Question: Is the main publisher motivation to improve metadata to sell books to end users?

Response: The goal is to sell books but also to get our books to people in any form and help them to discover our materials. A recent example is Twilight by Stephanie Meyer—sales benefited from end-user exposure to information about the title. The online community motivates people to buy the books.

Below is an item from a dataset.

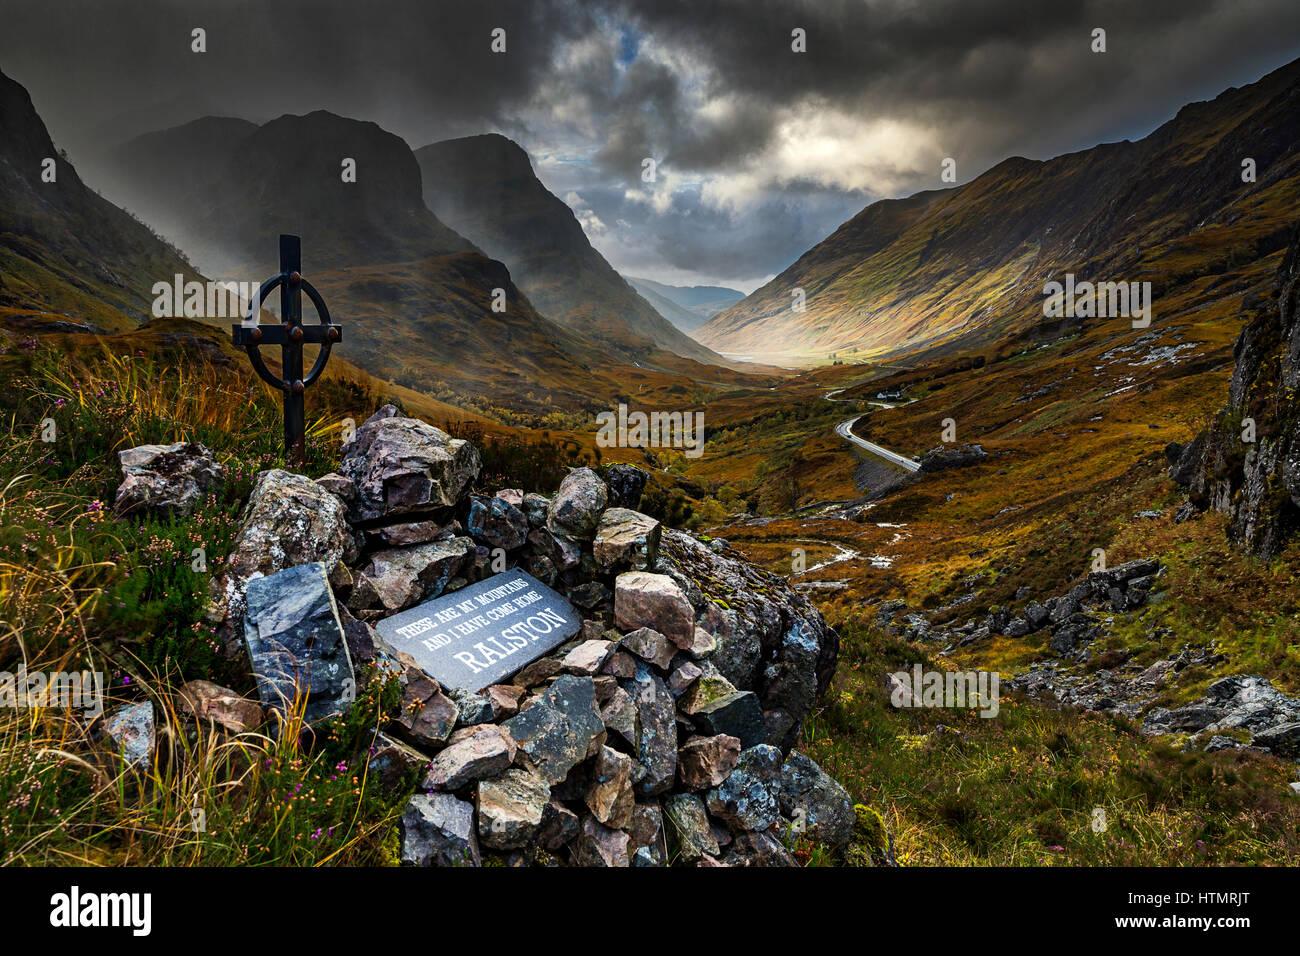 Ralston Cairn and Three Sisters, Glen Coe, Scotland - Stock Image

We want to control the metadata—there are lots of third party metadata providers but the publisher's data will be more accurate and reflect current information.

Question: Are most North American publishers depending exclusively on BISAC for subject headings?

Response: Yes, there really isn't another source but Hachette has explored other options too.

Brenna McLaughlin, Electronic and Strategic Initiatives Director, AAUP

  • The Association of American University Presses has 134 non-profit members.
    • Members are humanities and social sciences publishers
    • Average staff size of members: 40 FTE but many are much smaller
    • Most members are mid- to small-size and struggle with ONIX to serve distribution channels
    • Members want the association to explore a service for them that will help with ONIX conversion and distribution
    • Johns Hopkins has a single proprietary database that creates ONIX data and they license database to other presses
    • ONIX standard is just not standard enough
    • ONIX is great but not inexpensive or trouble free
    • Cornell University Press distributes data through templated spreadsheets
    • Bibliographic data is exported into sales system
    • Sales assistant spend 20-25% of time on metadata
    • Trying off-the-shelf data conversion programs
    • University of Georgia press also exports
    • Concerns: authority of data, that third party metadata will override press metadata
    • University presses believe some areas of ONIX do not conform well to their needs for description/identifications. Many university presses have their own standards.
    • University Presses can be disconnected from the institution and may use outdated IT systems.
    • Even when the University library catalogs all the publications as part of the CIP program and/or for University OPACs, there is no feed back to publishers systems

Diane Boehr, Head of Cataloging, National Library of Medicine

View Diane's slide presentation [PDF]

  • The role of cataloger is changing.
  • Manually creating data is inefficient and redundant and we would like to stop doing that.
  • Libraries will not be able to catalog everything—we need to be more flexible.
  • Reviewed recommendations from the LC report on the future of bibliographic control—eliminate redundancies, make more use of upstream metadata
  • NLM does original cataloging for CIP.
  • Literally highlighting and pasting records—need to find a way to stop doing that. (potential CIP data workflow)
  • Fully automate CIP process. CIP workflows are still costly. Let catalogers focus on authority work and subject analysis and making unique and hidden treasure available.
  • Only 10% of publishers using ONIX but they account for 80% of titles cataloged at NLM.
  • Where are these conversion programs going to come from? OCLC? Split up amongst groups?
  • The three U.S. national libraries catalog in their own ILS (Voyager)
  • Doesn't have to be OCLC—NLM has created a form of its own conversion program and LC could do it too.
  • Specify mapping between major vocabularies
  • Author identifiers—many people in communities looking at this but we still need one standard or we will not be any better off

Patricia Payton, Senior Director, Publisher Relations & Content Development, R.R. Bowker

  • Bowker supports four areas of business: Identifiers—ISBN Agency; discovery products such as Books in Print and Syndetics, transactional services such as Pub-Easy and Pub-Net; and business intelligence products and services
  • Data coverage: Bowker accepts all kinds of files to get a base record and build on it. Concerned about timeliness of updates. Have web portal where updates can be loaded.
  • Add value to data and sends downstream, more discoverable, take both MARC and ONIX
  • Format requirements: Prefer ONIX but will take other formats and will reformat the data.
  • Agree that there are many flavors of ONIX but we need to acknowledge why this is.
  • Bowker is looking for what is quality of data and what we can add to improve it
  • Bad data in an old system can just be converted with ONIX.
  • Bowker services include:
    • Authenticate ISBNs.
    • Monitor use of ISBNs in the market.
    • Will do cross market comparisons across different countries.
    • Hold educational webinars on value of ISBN for publishers. Do a lot of marketing to publishers to help them understand importance of these items (focused on size of publisher).
  • Comment: Nielsen offers similar services in the UK.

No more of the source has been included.